When building a cash flow forecast, just as with any other financial activity, it is best to use system tools, such as the treasury management system (TMS), enterprise resource planning (ERP) platform or a specialist tool. Realistically, however, there is unlikely to be time to acquire, implement and integrate new solutions given the immediate demand for forecast information.

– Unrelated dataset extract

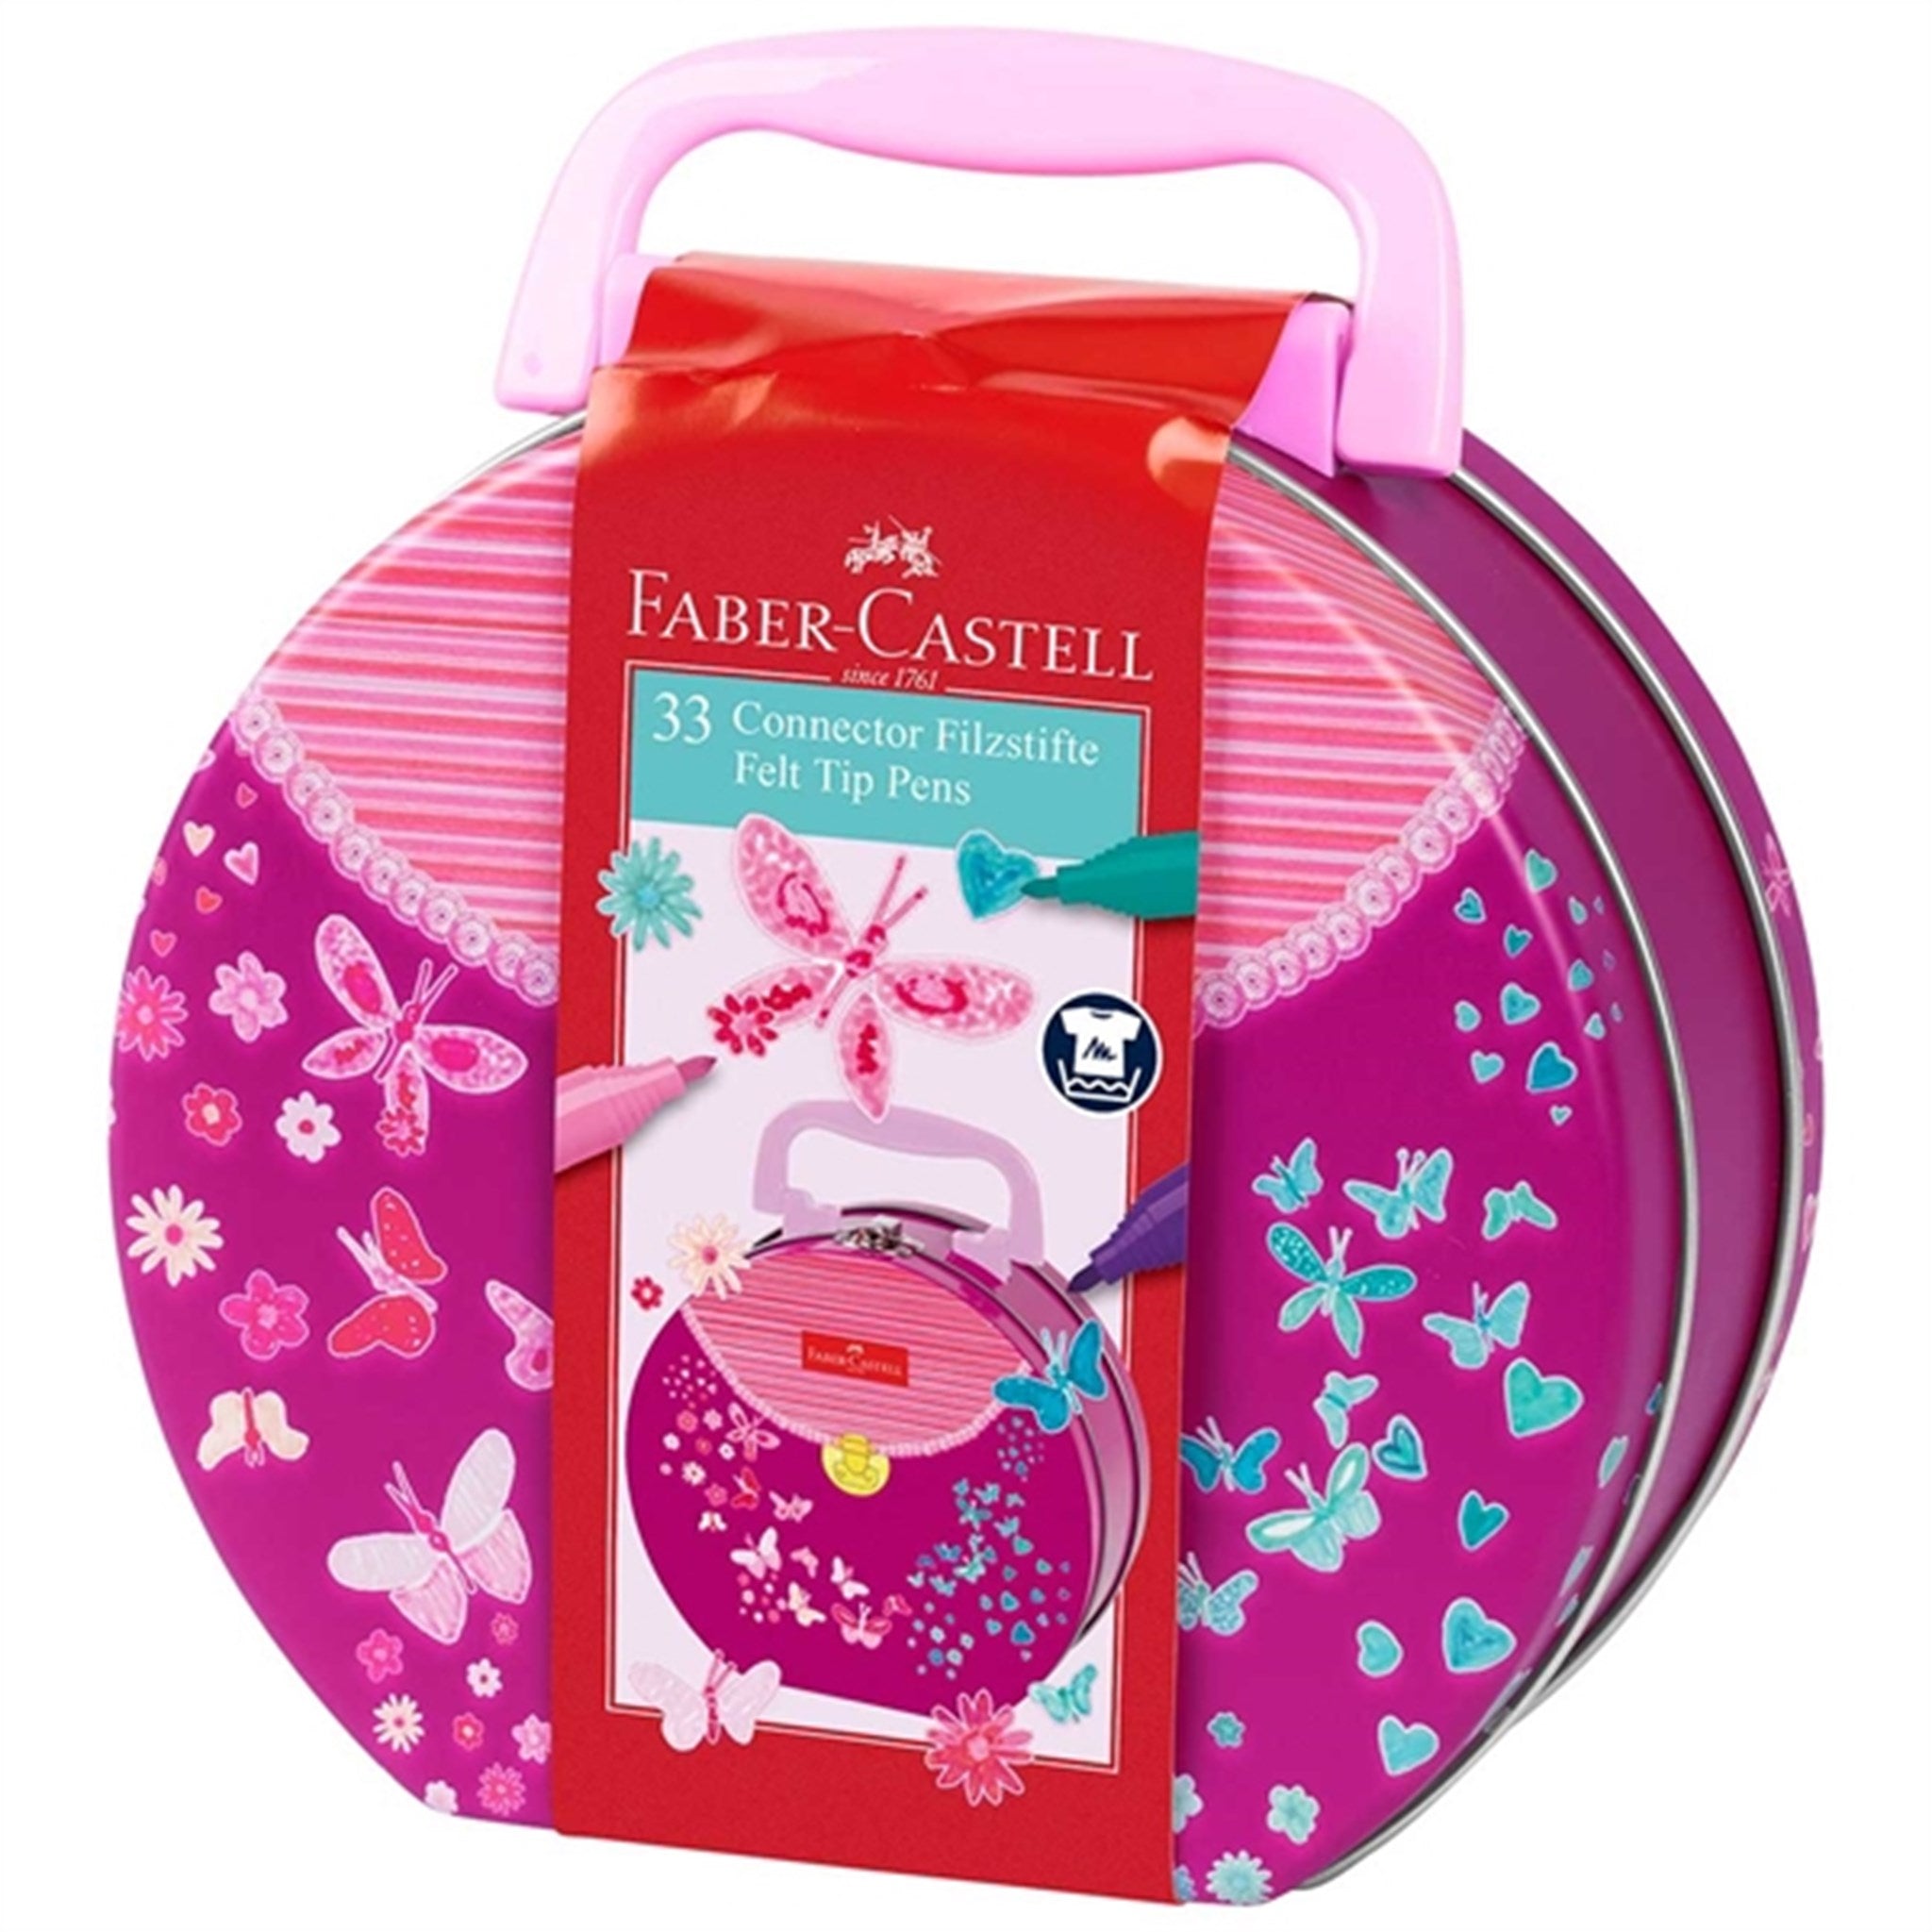 Faber-Castell Connector Felt Tip Pens Handbag

“Although sub-optimal, you can use spreadsheets to bring together bank data and information from internal counterparties. When approaching subsidiaries and central departments for forecast data, it is important that they understand exactly what you are asking for, and why, ideally with the support of senior management to emphasise the urgency. The initial focus should be on a short-term cash flow forecast, rather than attempting a 12 month rolling cash flow forecasts that you might look at as a second stage.” — Francois Masquelier, EACT

Having responded to the urgent need for data, however, it is important to build a more robust process for the future. There are many approaches to doing this, including the use of artificial intelligence (AI) tools for cash flow forecasting, which has been a growing trend in recent years. As the most recent JTT report illustrates, some companies, such as Microsoft, have found that an AI-based approach is more accurate under normal circumstances. In the current crisis, however, it may take time for AI tools to ‘learn’ new cash flow dynamics, so treasurers may need to supplement these tools with more traditional methods.

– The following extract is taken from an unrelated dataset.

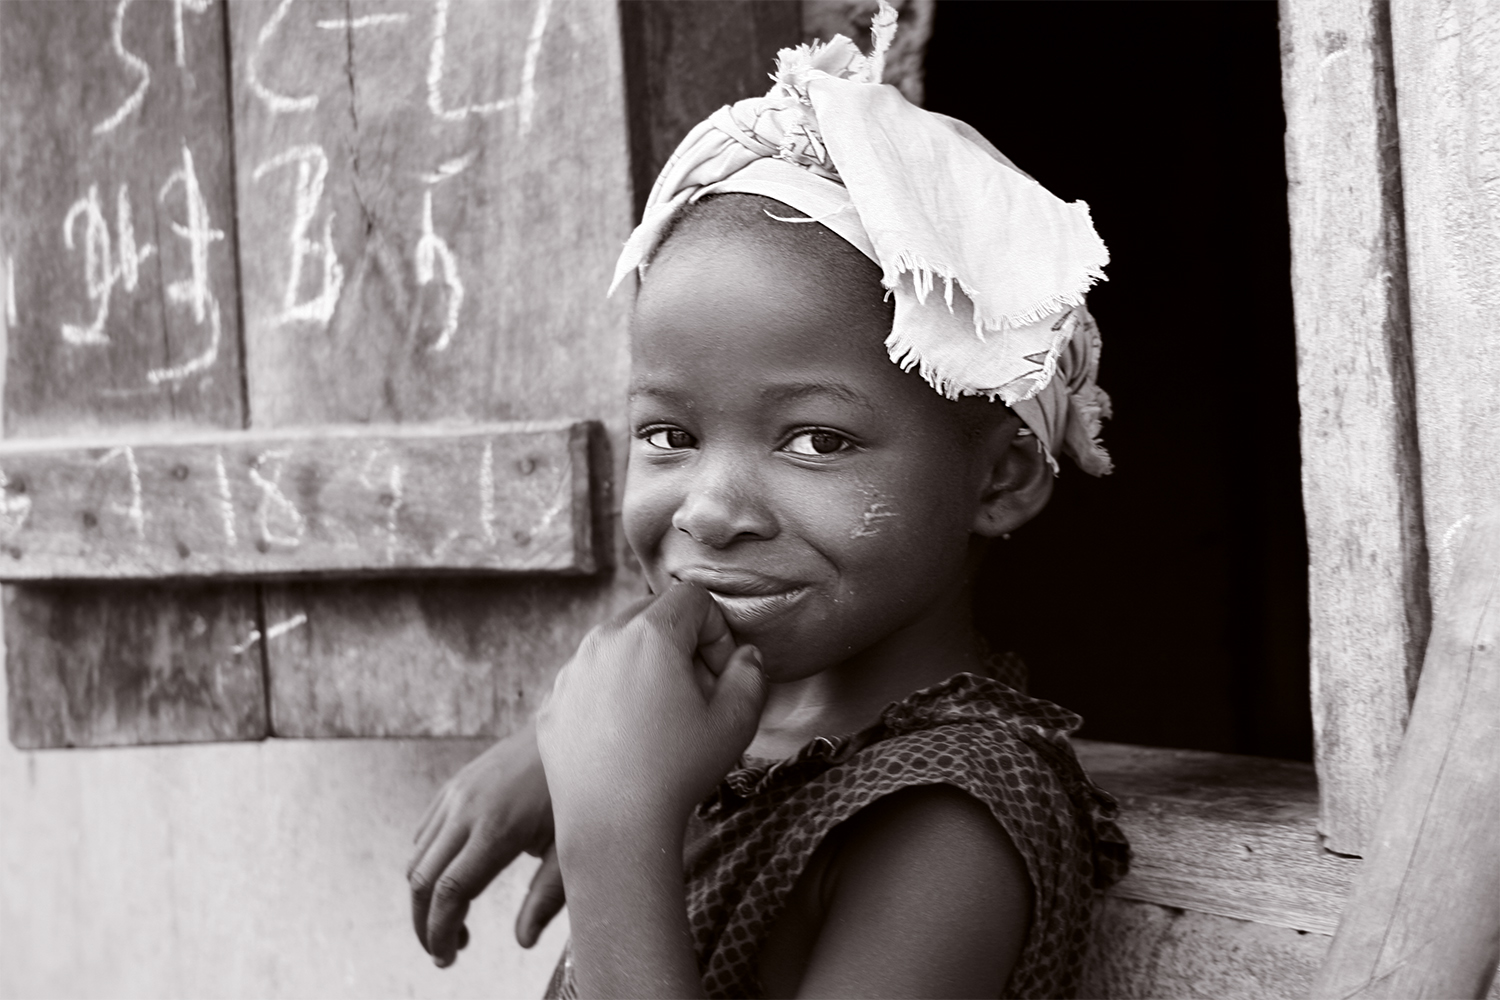 La mirada y la media sonrisa de esta niña angoleña llega al corazón.

Even so, technology in itself, however sophisticated will not create a more accurate cash flow forecast, it is the quality of data on which it is based, and the behaviour of group companies that will make the difference.

“A cash culture across the business is essential. Everyone, everyday should be thinking about how to protect every euro. Business units cannot think of cash pools as a limitless source of cash, and must also be realistic and prudent in the forecast reporting they submit to treasury. While expenditure is relatively controllable, however, collections are more uncertain, which will affect forecasting accuracy unless techniques are in place to increase predictability of flows.” — Francois Masquelier, EACT

Creating and reinforcing this cash culture with senior management and across the business is a vital way in which treasurers can support their organisations at a time of change and uncertainty.

Top Tips

“A forecasting mentality should be based on “look, learn, prepare”. If you can’t do the first of these, it is impossible to do the second and third.”
— Steven Lenaerts, BNP Paribas

“Simplify and then automate treasury activities as far as possible to make cash flow data more reliable and timely.” — Francois Masquelier, EACT

“Ensure that CFO support for cash flow forecasting is communicated across the business to raise the priority and ensure better quality data.” — Hans Candries, PwC

“Gain CFO commitment now for a more permanent solution to build or refresh cash flow forecasting capability once the initial stages of the crisis have passed.” — Francois Masquelier, EACT

2020 is the fifth anniversary year of the Journeys to Treasury partnership, comprising BNP Paribas, European Association of Corporate Treasurers (EACT), SAP and PwC. We are marking this special alliance with a ‘Journeys to Treasury Bitesize’ series, providing topical insights and support for treasurers as they navigate this challenging period.